PresQT Conference

PresQT: presqt.crc.nd.edu

PresQT: presqt.crc.nd.edu

I have just returned from PresQT. This is an academic conference focused on preservation of digital data, especially scientific datasets and software. The point is to allow others to check results through reproducibility. I was invited to give the corporate perspective on preservation.

As I wrote several weeks ago in my post on innovation, I am not a fan of silos. Attending this conference I found another set of silos: academic and corporate. There were so many tools people were discussing that I had never heard of. The first day left me reeling from all the new information. I also felt WAY out of my depth. I was wondering why I was there, how I could contribute and how this effort could engage the corporate and law firm worlds.

I did my presentation relatively early in the morning on the second day and felt much more like I could contribute to the discussion. I was warmly welcomed, good things were said about my talk and people asked a lot of questions. This answered my question. Part of my presentation was about content strategy (see my posts on the components of a good content management plan), but another part was about how academia and corporate environments can work together on this project to achieve better, more useful results.

Part of my point was that preservation starts with a content strategy. Preserving at the end is great, but much can be lost if you don’t start from the beginning. Of course, nobody in corporate, law firms (law firms do have a good handle on records management for client files) or academia does this. Preservation is an after thought. Content management is a huge undertaking. I hope to make a difference, but it will be small as I am one person shouting about it into a canyon. Whatever small inroads I can make in my work will be worth it.

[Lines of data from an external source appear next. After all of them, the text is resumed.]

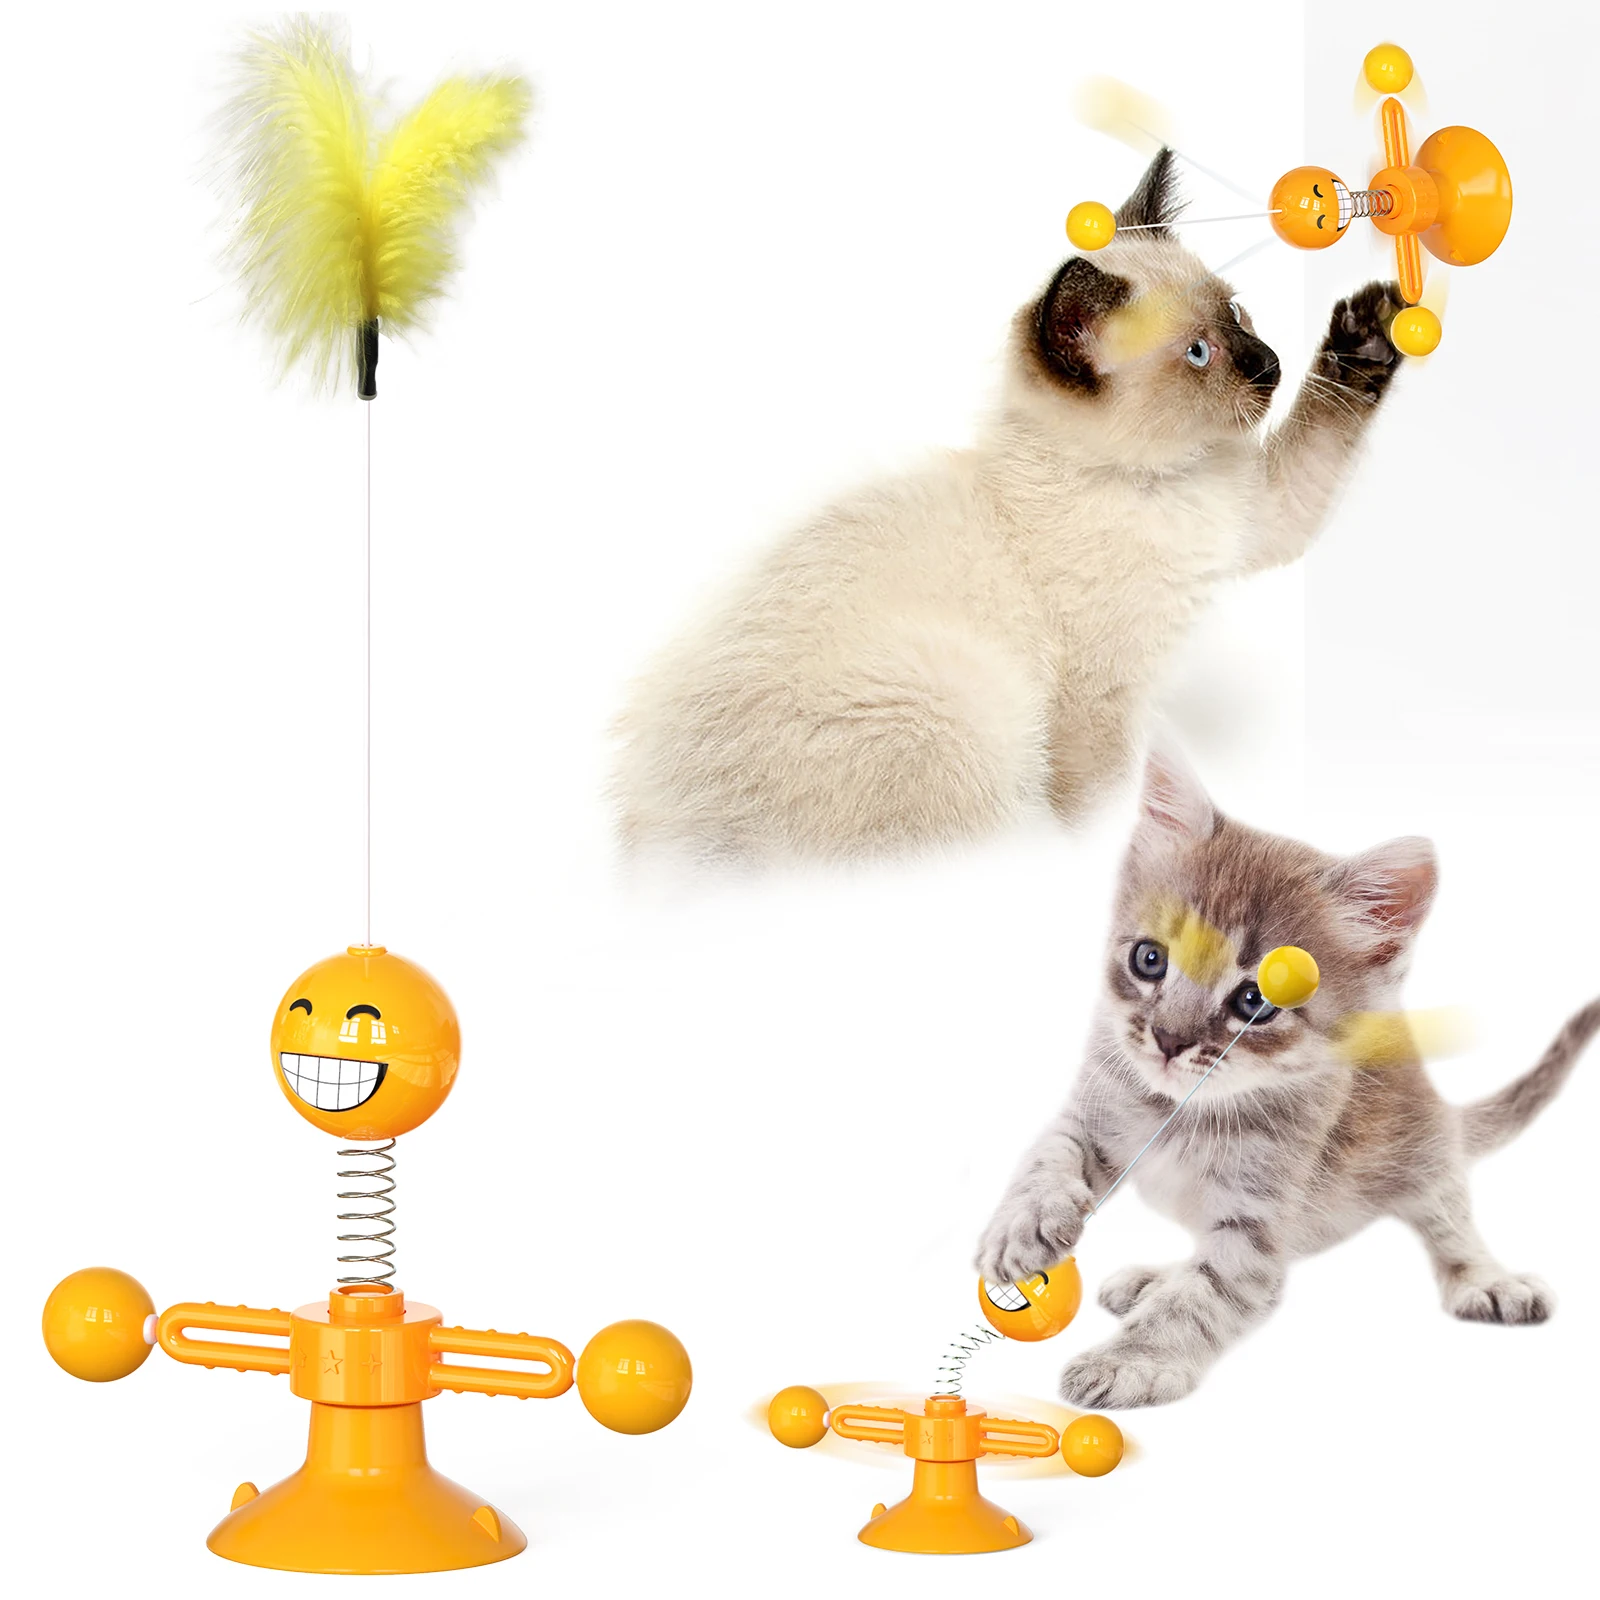 

Midepet Wholesale Pet Suppliers Windmill Teasing Interactive Toy Cat Toy Turntable Training With Catnip Feather Toys, Light blue,yellow,light green
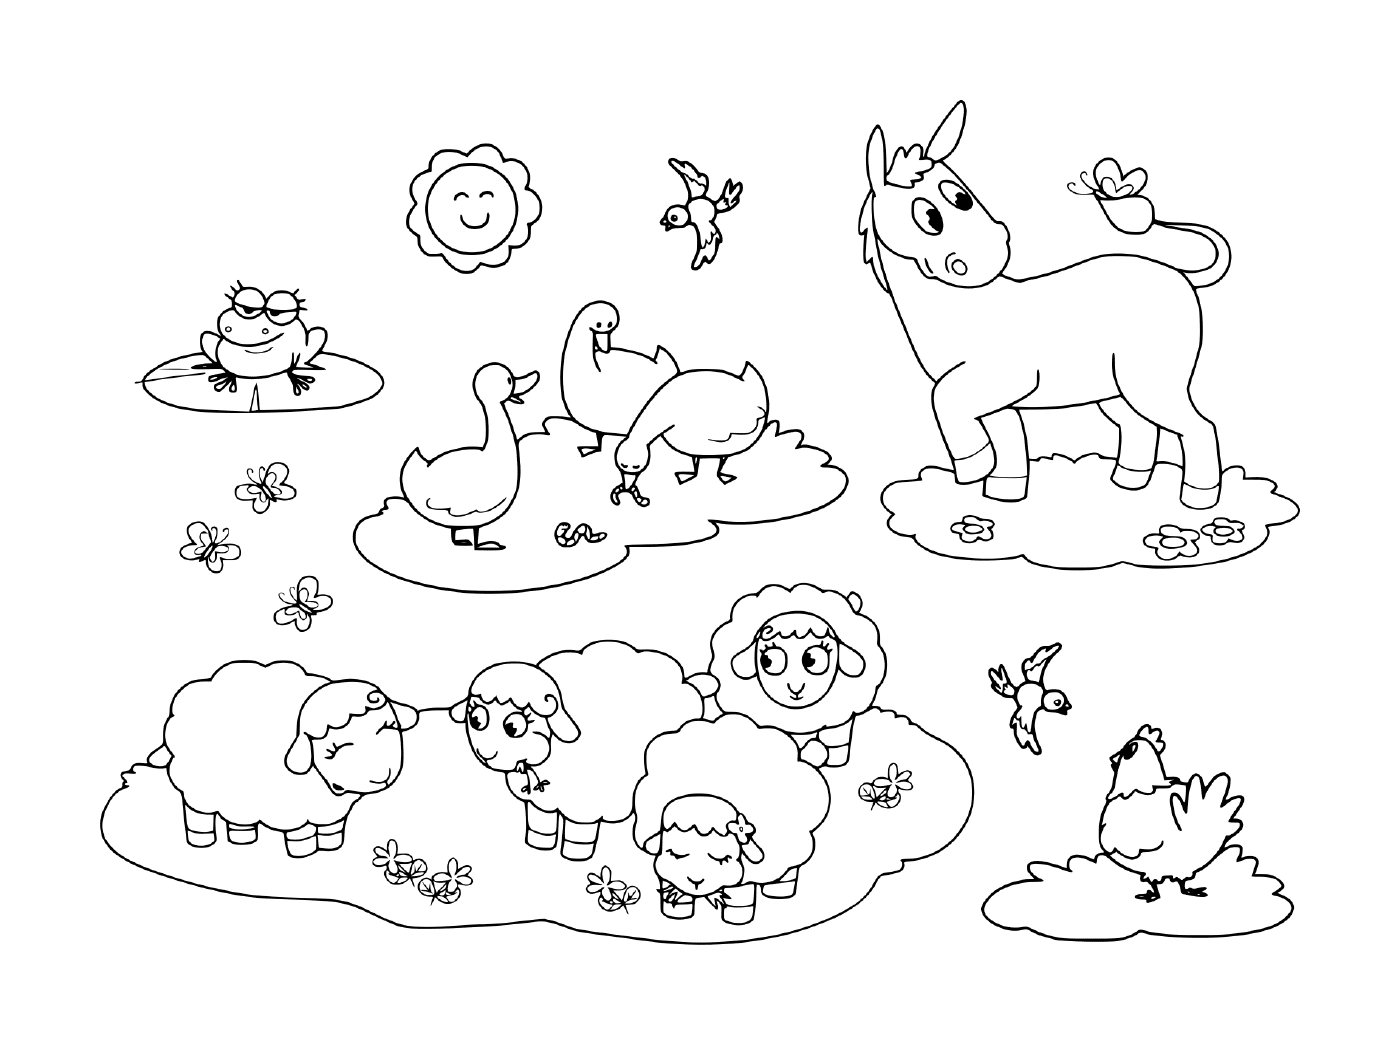  a group of animals in the grass, including a donkey, a goose, a hen, sheep and a frog 
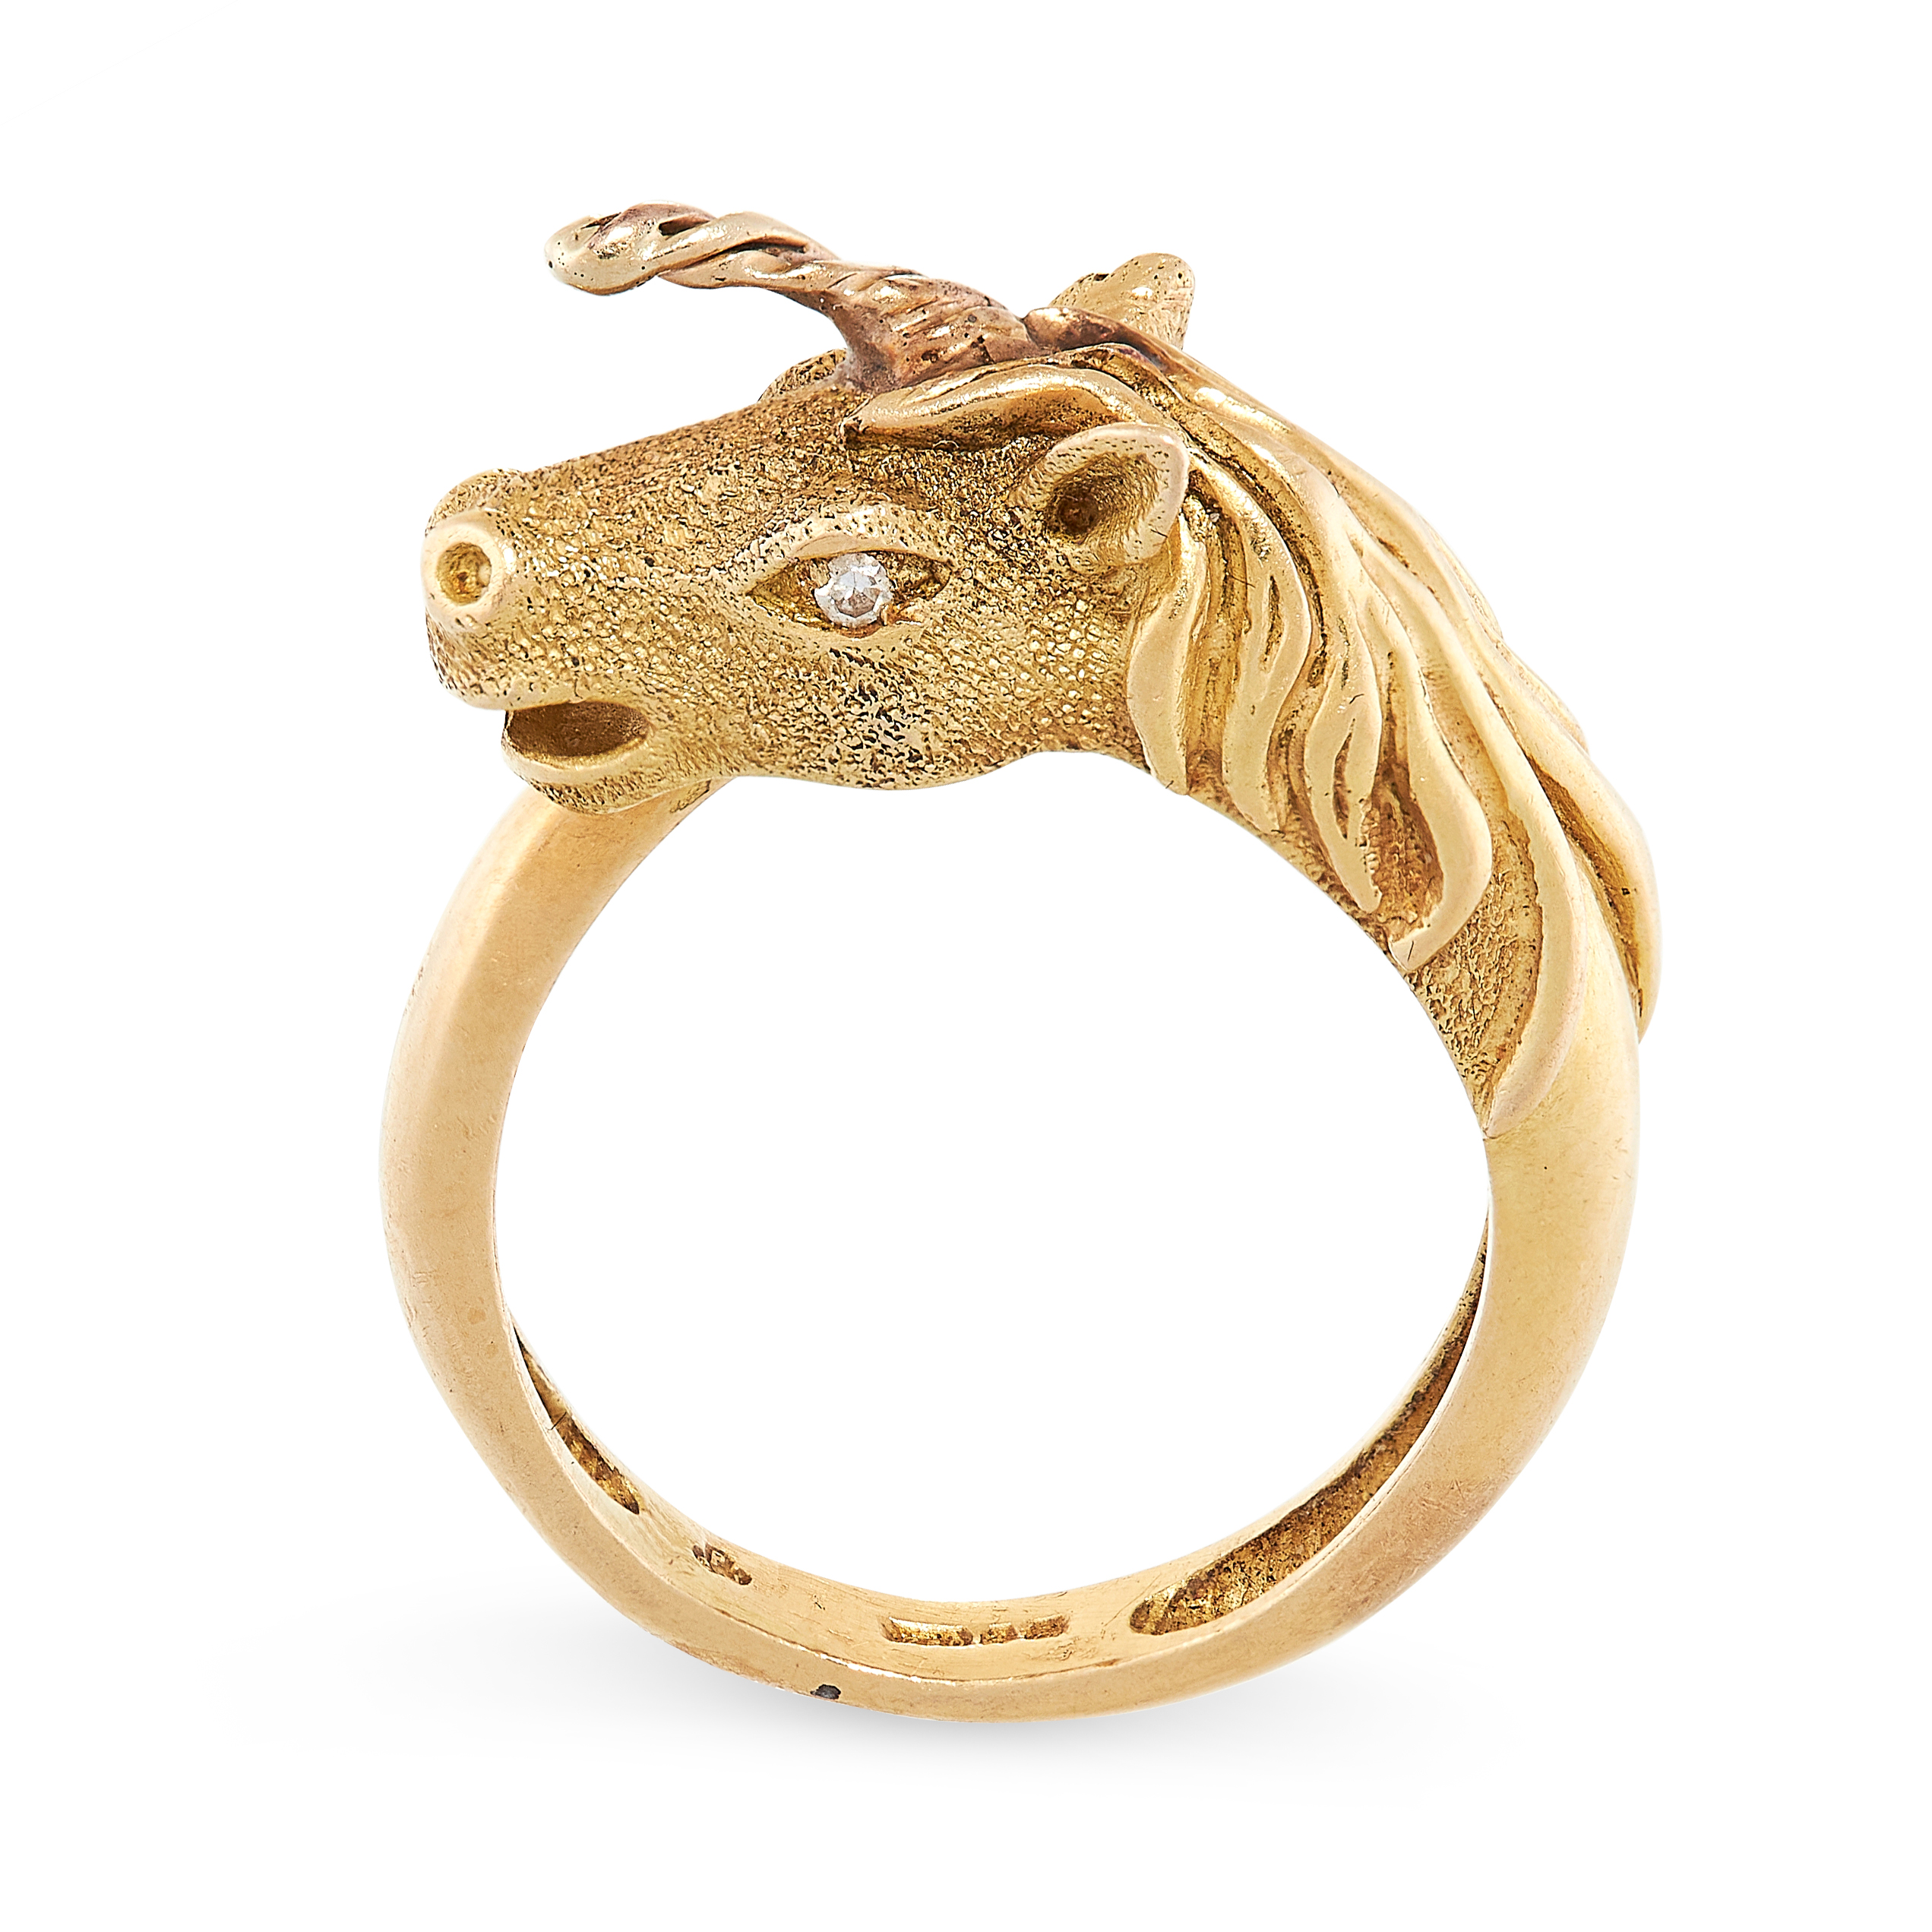 VINTAGE DIAMOND UNICORN DRESS RING mounted in 18ct yellow gold, designed as a unicorn coiled

I learned a lot. I learned about new tools and sites. One is ReproZip, which allows people to backup and entire project “by tracing the systems calls used by the experiment to automatically identify which files should be included. You can review and edit this list and the metadata before creating the final package file. Packages can be reproduced in different ways, including chroot environments, Vagrant-built virtual machines, and Docker containers; more can be added through plugins. What this means to someone like me is that I can pack up my entire website and someone in the future will be able to unpack the whole thing and look at it in all of its glory. Software, databases, widgets, text, everything is included so that the project/site/whatever can run as it did when it was posted on the web. The difference between this and the Internet Archives Wayback Machine is that pieces can be missing from the Wayback Machine as their crawler can’t access everything. The downside of ReproZip is that the creator, or someone involved in the project or site, must create the archive. The ReproZip tool comes out of the NYU Center for Data Science. A librarian, Vicky Steeves, is heavily involved in the project as a trainer and outreach coordinator. It makes my librarian heart happy.

I was also very interested in Euan Cochrane’s Wikidata project. Wikidata, funded in part by the Wikimedia Foundation, is a free and open knowledge base that can be read and edited by both humans and machines. Wikidata acts as central storage for the structured data of its Wikimedia sister projects including Wikipedia, Wikivoyage, Wikisource, and others. As you know, I like the idea of central storage for information. I like wikis a lot and this platform allows all different people to edit and contribute. They do have reviewers to verify information.

The thing I like most about Code Ocean, aside from the name, is the look and feel. It is pretty and looks like it has a user interface that it easy to use. Code Ocean is a cloud-based executable research platform. I am sure that it works very well, too- I can’t really speak to that as it is out of my area of expertise. I hope we can make the PresQT tool look and feel just as good.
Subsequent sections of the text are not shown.